Allamanis et al. (2014) and (Torunski et al. 2017), present with NaturalizeFootnote 12 and a code style analytics tool, two approaches that adapt style checking to a code-base by configuring rules according to what is typical for that codebase.

Torunski et al. (2017) bases the configuration on an assessment of metrics, such as method lengths, number of CamelCase variables, or number of opening braces on the same line for loops.

Recently, Mi et al. (2018) studied the possibility of classifying source code depending on its readability. They used three Convolution Neural Networks operating on different levels of granularity (character-level, token-level, and AST-Tree nodes level). The accuracy of the proposed DeepCRM+ConvNets method was evaluated on the open source code since training the networks required large amounts of labeled data.

Finally, the tool we use in this study is called Flexible Code Counter/Classifier (CCFlex). It was developed by the authors of this paper and used to perform software size measurement in one of the previous studies (Ochodek et al. 2017). However, since the tool is a general-purpose code classifier, it could be adapted to detect violations of coding-style guidelines.

2.3 Machine Learning for Code-Smell Detection

Fontana et al. (2016) and Fontana et al. (2013) presented an experiment to compare how good different machine learning algorithms would be in learning to detect code smells. While Fontana et. al. report on reaching an accuracy of 95%, Di Nucci et al. (2018) challenged these results with a replication study. The replication shows that the selection of the dataset including the balance of violations with none-violations as well as an unrealistic characteristic of violation cases can lead to an up to 90% too high precision.

Although the aforementioned studies use the same classification algorithms as we do in our study (e.g., decision trees, random forest), they differ in the approach to feature extraction.
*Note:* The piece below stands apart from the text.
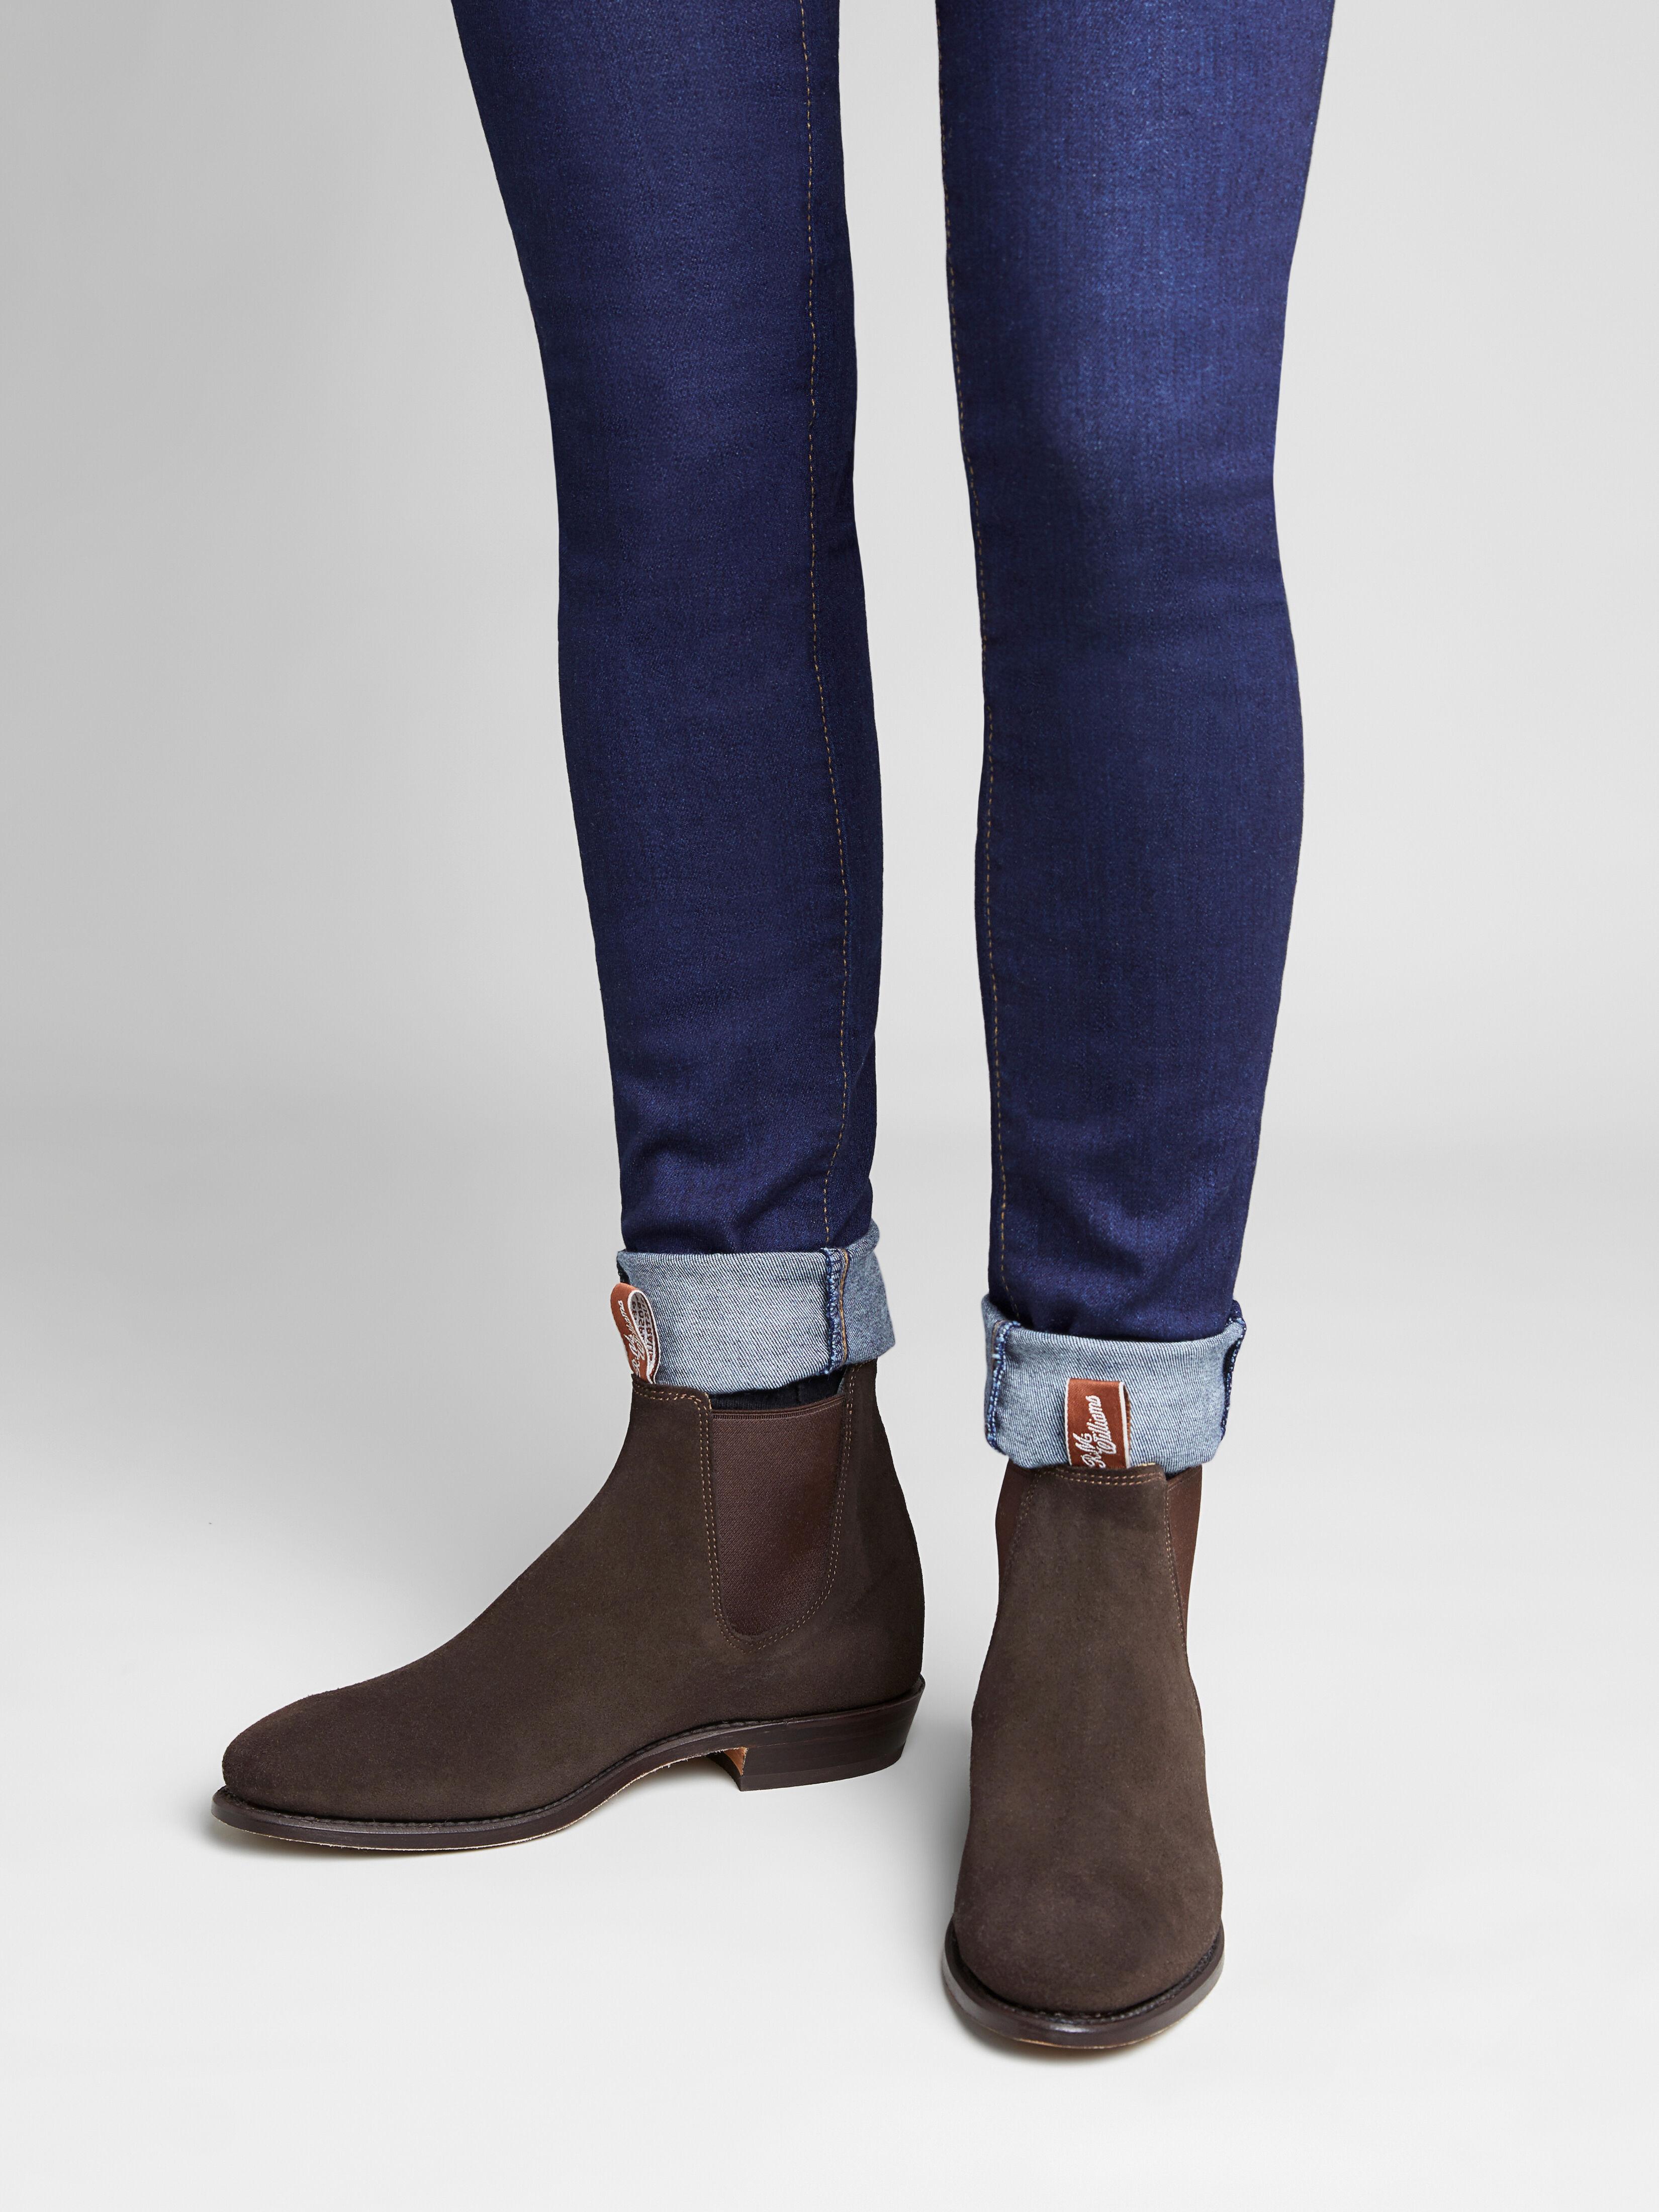 Women's Handcrafted Footwear | R.M.Williams®

The studies on code-smell detection use code metrics to describing units of code (e.g., metrics of size, complexity, cohesion, coupling, encapsulation, or inheritance), while in this study, we extract linguistic features (e.g. number of “if” statements, which words/variables/statements were used in a line) directly from the source code in a similar way as it is done in the field of natural language processing (e.g., by using the bag-of-words model).

Also, code smells are typically concerning architectural aspects and larger chunks of code than coding guideline violations. However, it is nonetheless interesting to compare progress in applying machine learning in the two fields. We especially expect the relevance of realistic data in training and evaluation to be valid for machine learning of coding guideline violations.

2.4 Summary

As shown in Table 1, most existing static code analysis tools and style checkers need to parse the code and often even link it to fully apply their analysis. This also holds for most of the ML-based approaches. The only exceptions are Flawfinder and CCFlex, which are both robust, due to token- or text-based analysis.

Table 1 Comparison between popular static analysis tools and code style checkers

Extensibility is never trivial. Even when a declaration of rules is allowed, there is a steep learning curve to understand the declaration languages. CCFlex and DeepCRM+ConvNets provide an alternative approach, allowing developers to define extensions, by listing examples in the language they usually work in.

The other ML-based approaches are limited with regards to the type of violations that can be found. This is something that also holds for Flawfinder for which the specialization on security seems to limit the type of extensions possible.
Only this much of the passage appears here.